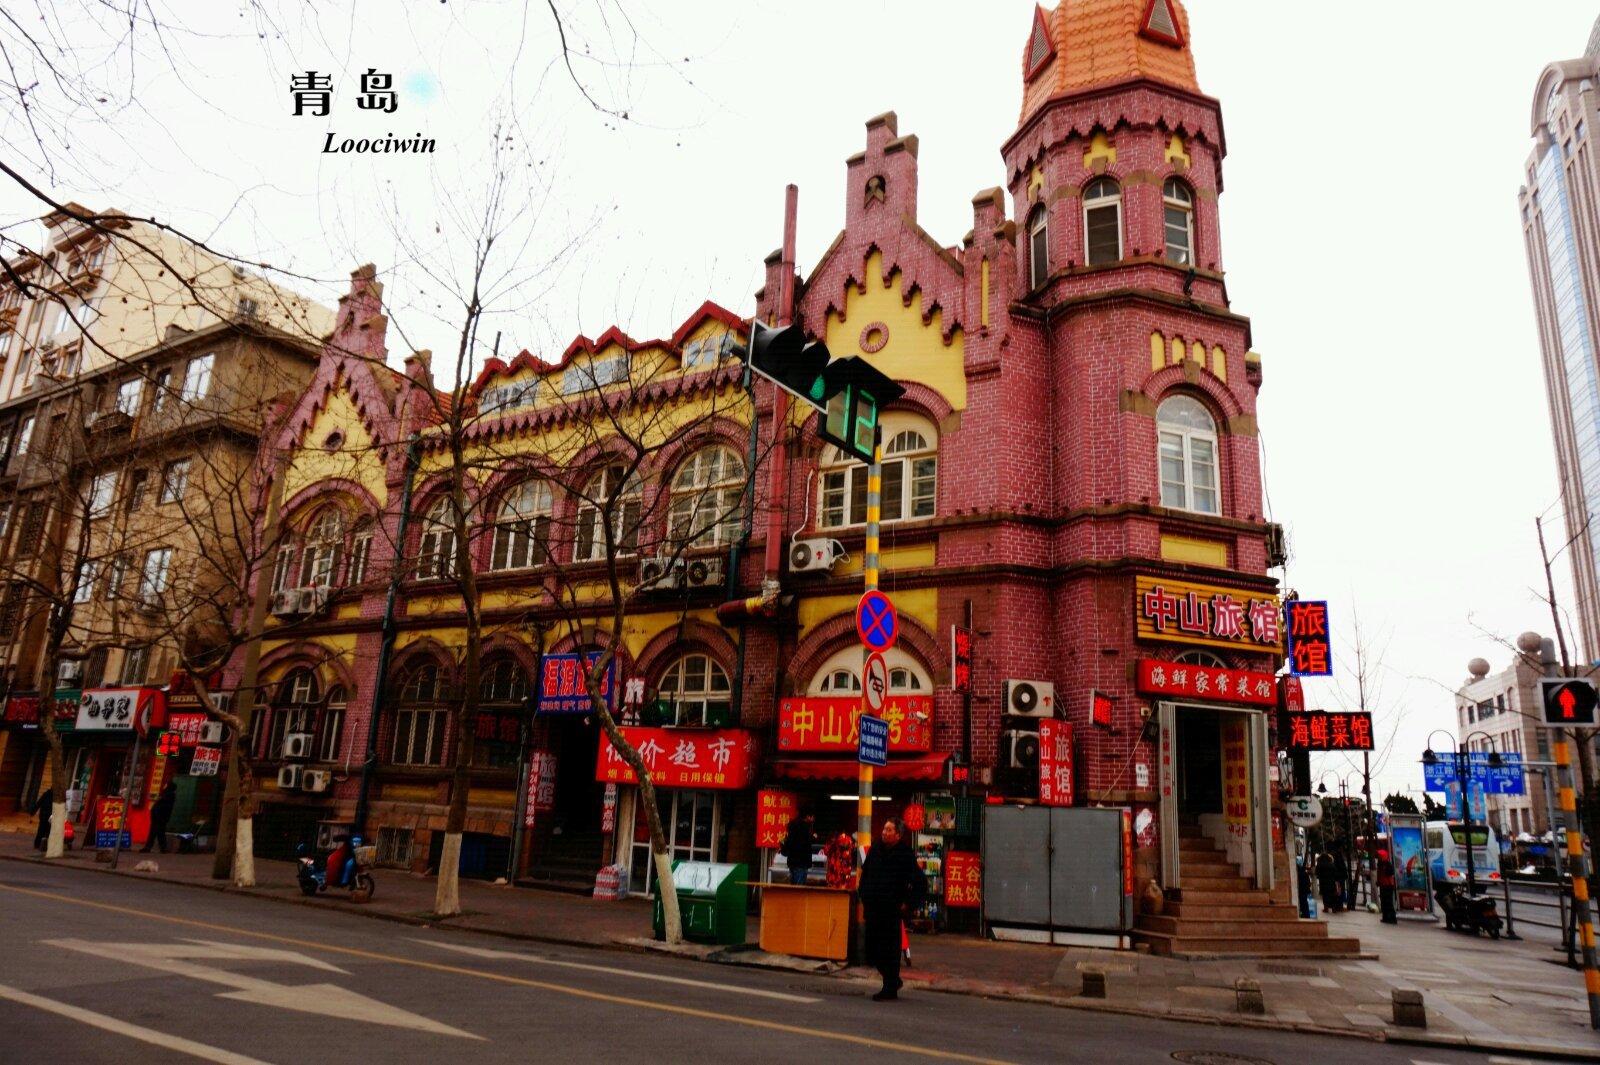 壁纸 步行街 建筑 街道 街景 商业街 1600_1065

•••

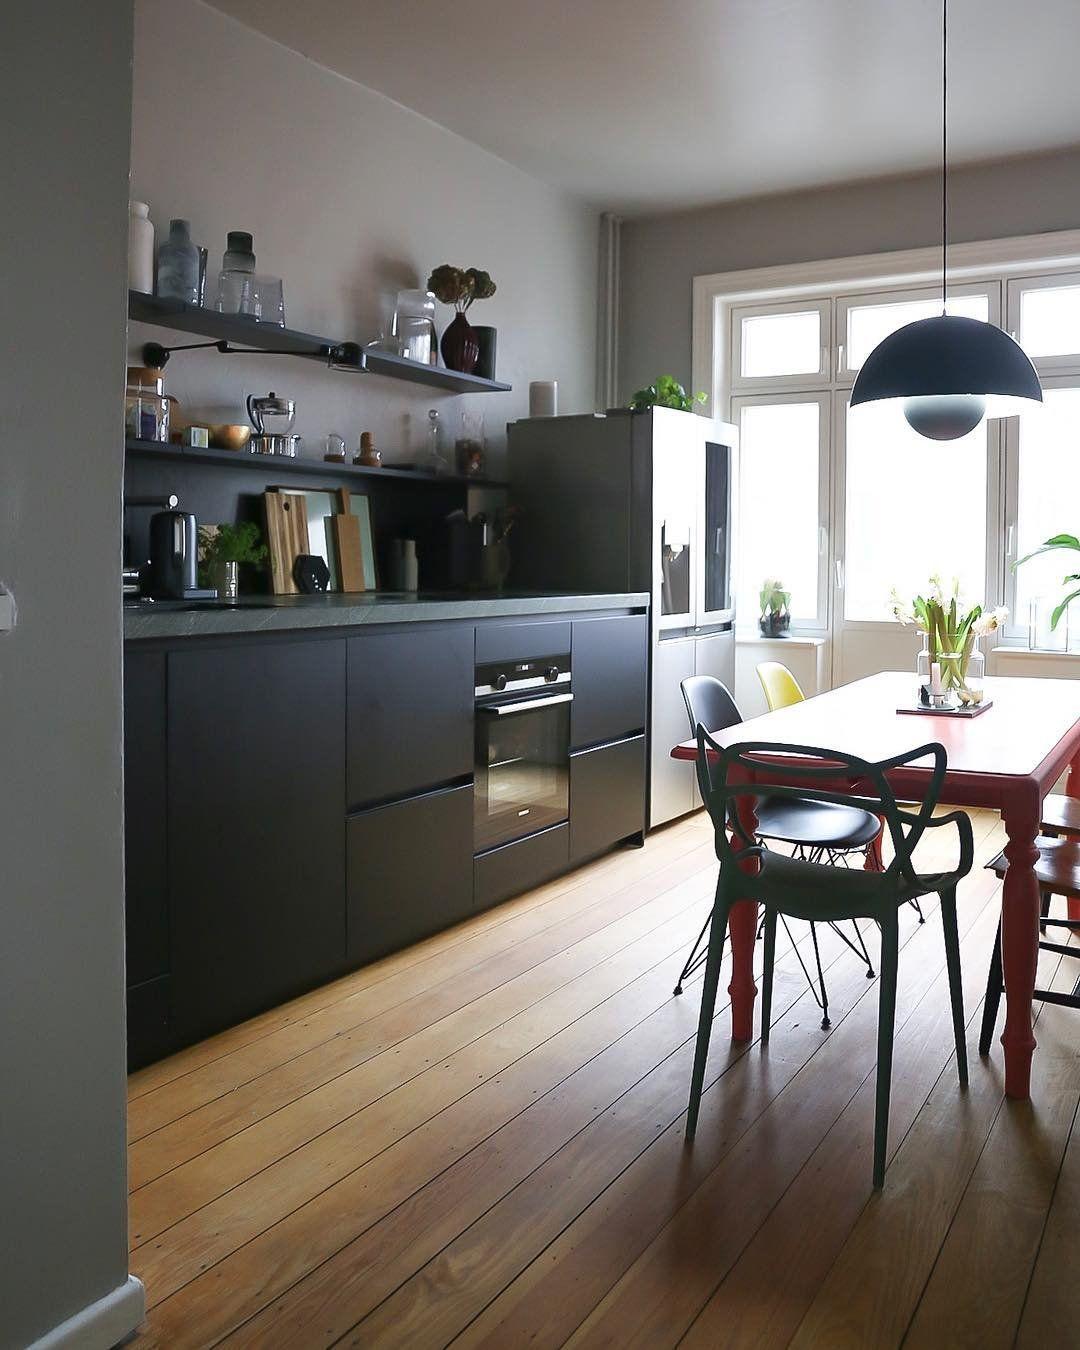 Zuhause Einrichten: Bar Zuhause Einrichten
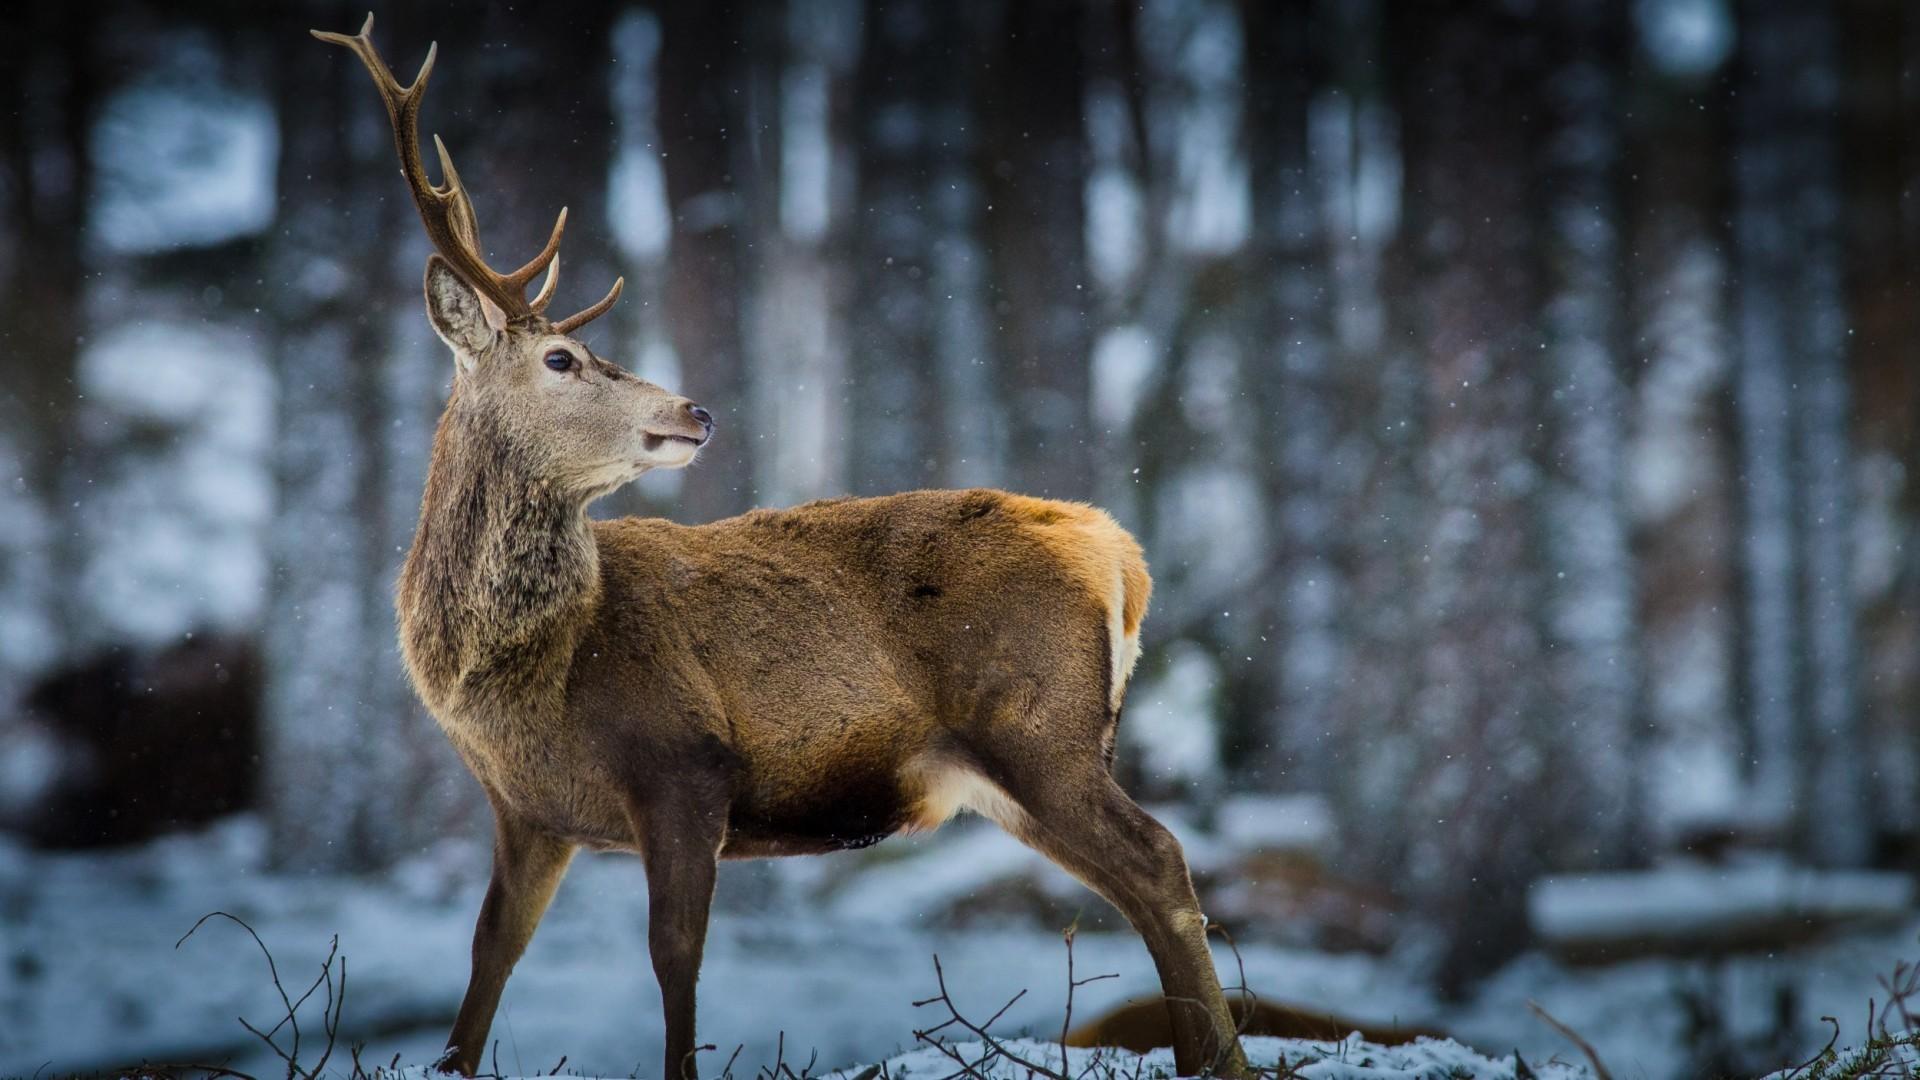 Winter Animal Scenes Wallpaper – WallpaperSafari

•••

* **EXERCISE DIRECTIONS**
From the line with "Zuhause Einrichten: Bar Zuhause Einrichten" up to and including the line with "Winter Animal Scenes" above, retype every line exactly and nothing more; leave out the pictures.

* **SOLUTION TO THE EXERCISE**
 Zuhause Einrichten: Bar Zuhause Einrichten
 Winter Animal Scenes Wallpaper – WallpaperSafari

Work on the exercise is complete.